BFO is a scientific field with a wide range of possibilities. There are a number of aspects of bacterial foraging and animal foraging in general that can be modeled to enhance optimization performance. For the BFO algorithm, automatic adaptation of the control parameters may be of particular importance, since there are a lot of parameters, and it can give improved performance, which is a reason for additional experiments.

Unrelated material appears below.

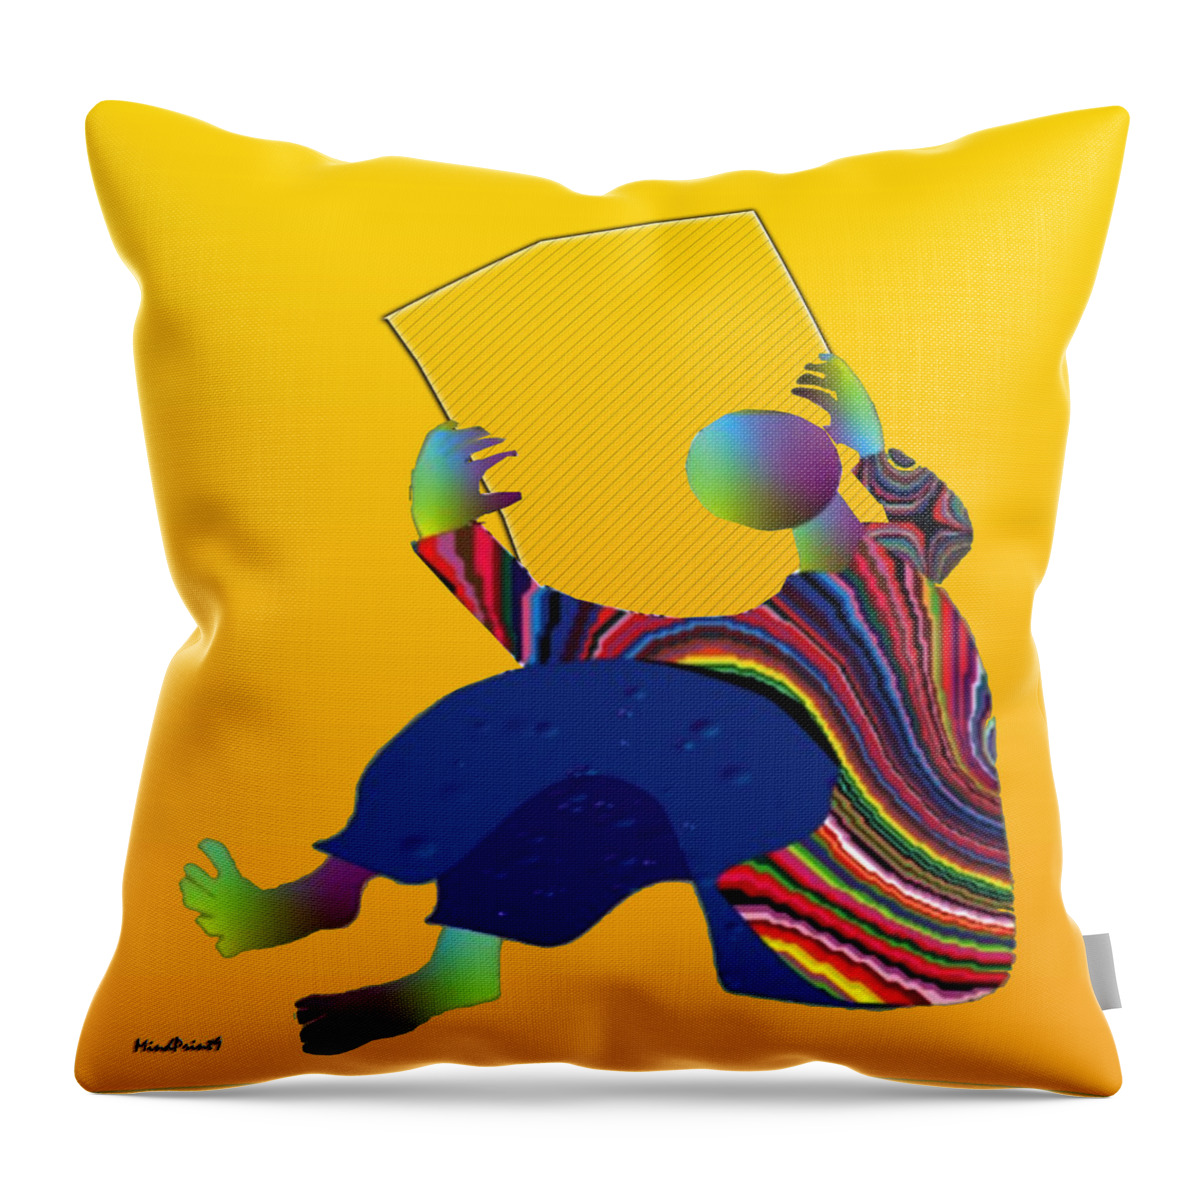 Reading Throw Pillow featuring the digital art Barren Newspaper by Asok Mukhopadhyay

BFO has a number of advantages, including low sensitivity to the initial values of the coordinates during initialization and choice of parameters, good reliability, simplicity of logic, ease of implementation, the possibility of parallelization and global search. Thus, the BFO algorithm is used to solve a wide range of optimization problems. However, BFO also has a number of drawbacks, including slow convergence, the inability to go beyond local optima in some cases, and a fixed step length. BFO is a metaheuristic, meaning it is simply a conceptual framework that can be used to develop algorithm modifications. The version of BFO I have presented here is just one of many possibilities and should be seen as a starting point for experimentation, rather than the last word on the topic.

The histogram of algorithm test results is provided below.

Fig. 3. Histogram of the final results of testing algorithms

Conclusions on the properties of the Bacterial Foraging Optimization (BFO) algorithm:

Pros:
1. High speed.
2. Simple logic.
3. Converging throughout all iterations, albeit slowly.

Cons:
1. Slow convergence.
2. No methods for exiting local extrema.